Service design Strategy

Designing public services for Mars

Eddie Copeland – FutureFest

This is a session pitch for an event which has not yet happened, so it’s a tantalising paragraph rather than a developed argument. But it’s getting a mention because of the power of the thought experiment which lies behind it. Maybe the day will come when the design of public services for Mars will be an immediate and necessary question demanding answers. But we don’t need to wait for that day to ask what it would be like to design public services if we were not constrained by everything which has gone before – which ends up being very similar to Ben Hammersley’s provocation. Down here on old Earth we can’t wish away the installed base, which makes things harder (though we do have a breathable atmosphere, which balances things out a bit), but we don’t have to let our goals be constrained by it.

Strategy Work and tools

Diversity and Inclusion in the Civil Service – You’re Welcome

Cat Macaulay – Swimming in Stormy Weather

The questions you didn't know existed are the ones you most need to answerStrategy can easily be seen as a grand and abstract thing, considering people as components of a system if it considers them at all. Strategic change, on that view, involves doing big things, which typically take a long time.

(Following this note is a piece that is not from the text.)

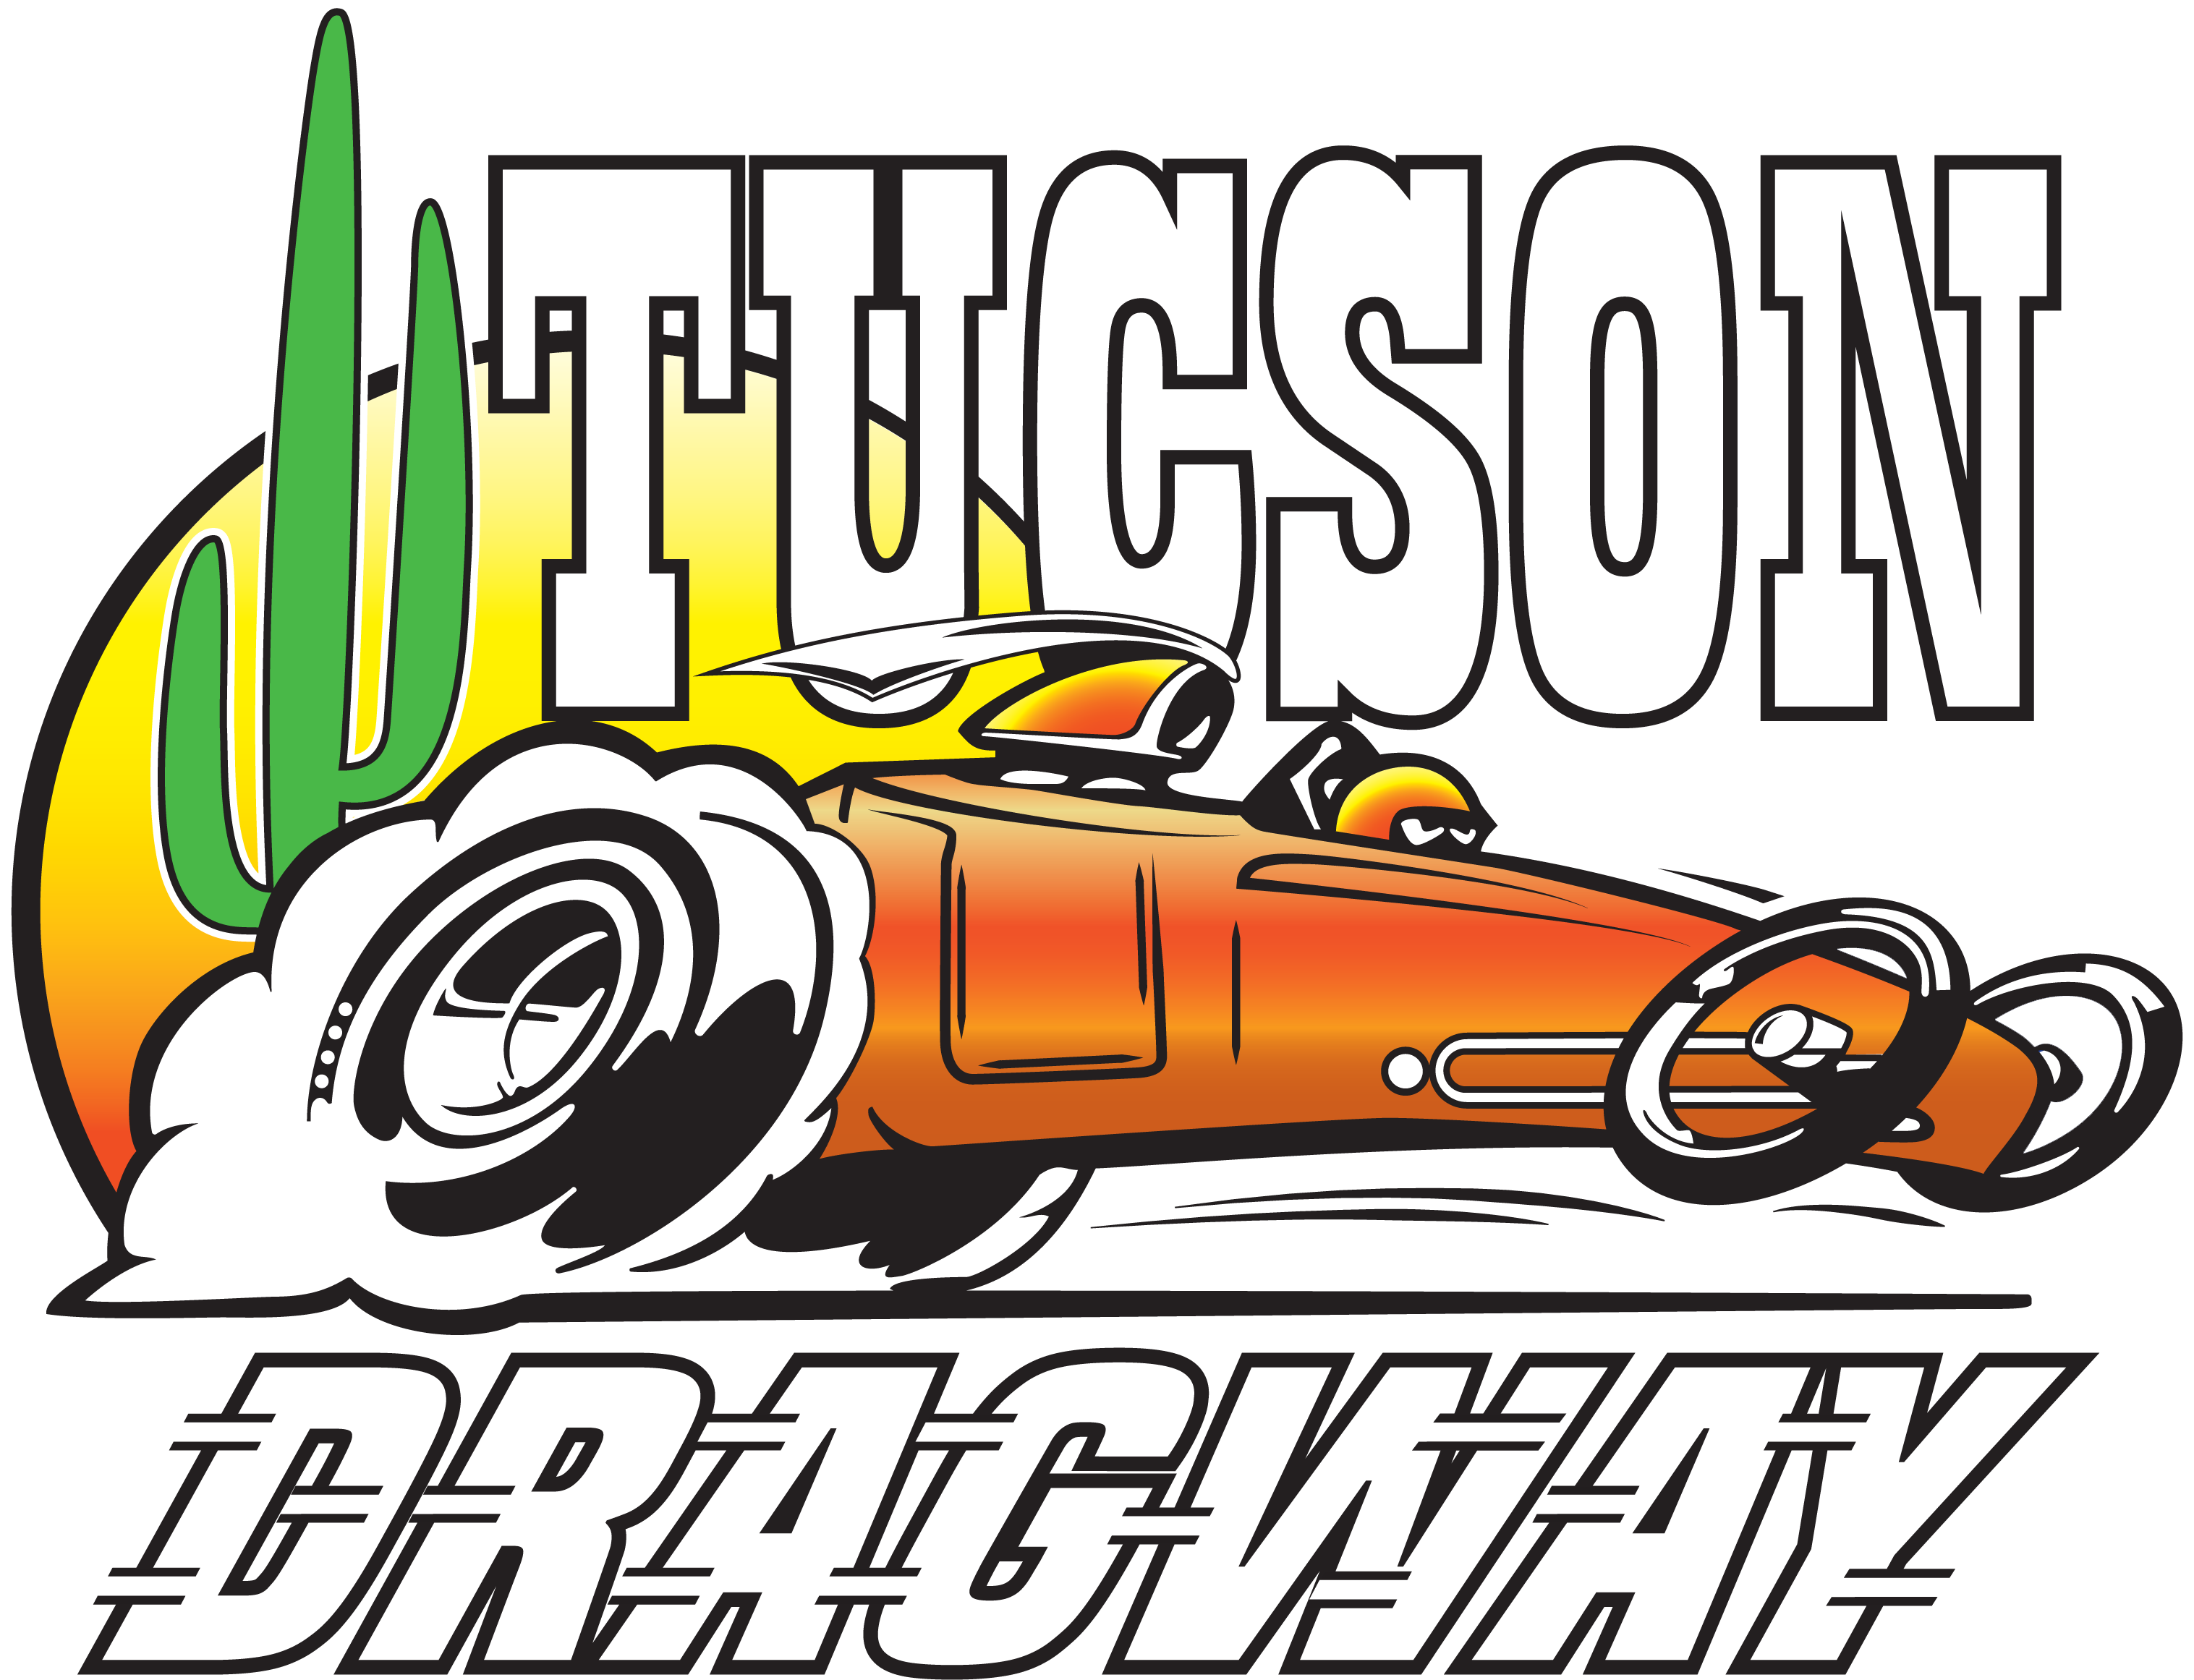 Other Companies Who Appreciate Quality - Tucson Dragway (3300x2550)

That’s not the only way of thinking about strategy, of course. Human-level strategy can result in many small things being done – but which may eventually result in a degree and depth of change greater than any big change can produce (though it may well still take a long time).

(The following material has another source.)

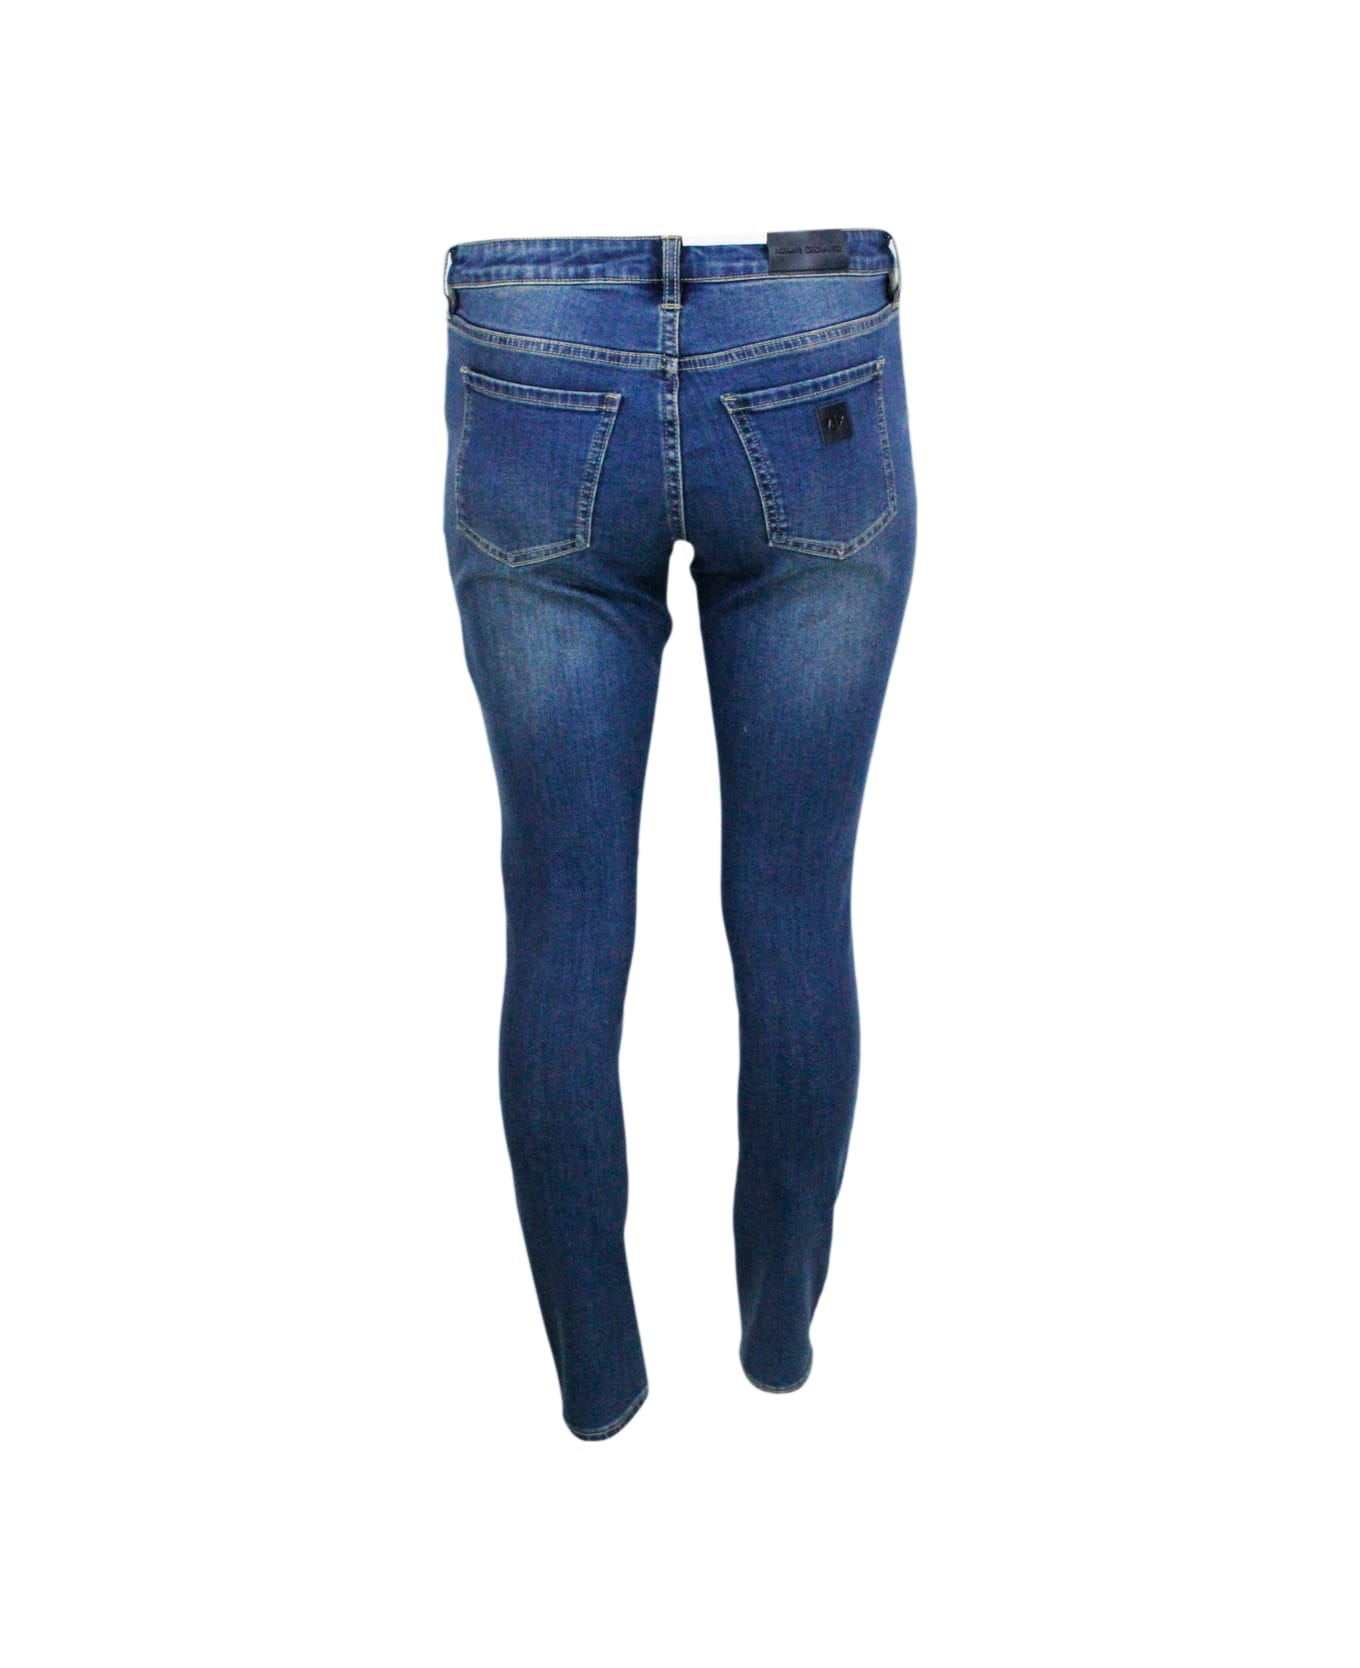 Armani Collezioni Super Skynny Mid Rise Jeans Trousers In sleeves Denim With Logo On The Back Pocket - Denim

That reflection is prompted by this post, which is both a very personal story and a description of the modern civil service. Nobody would pretend that the civil service is a paragon of every organisational virtue, but it is striking how far it has changed in composition, attitudes and priorities. That all matters a lot. It matters obviously because it shows an organisation at least striving to respect the diversity of the people who make it up. It matters less obviously – but very importantly – because strategic questions understood in the traditional grand way are answered by people who unavoidably bring the experience of their lives to doing so. Diversity is not a soft-edged slogan. It is not even just about respect for individuals. It is a dimension of strategic competence.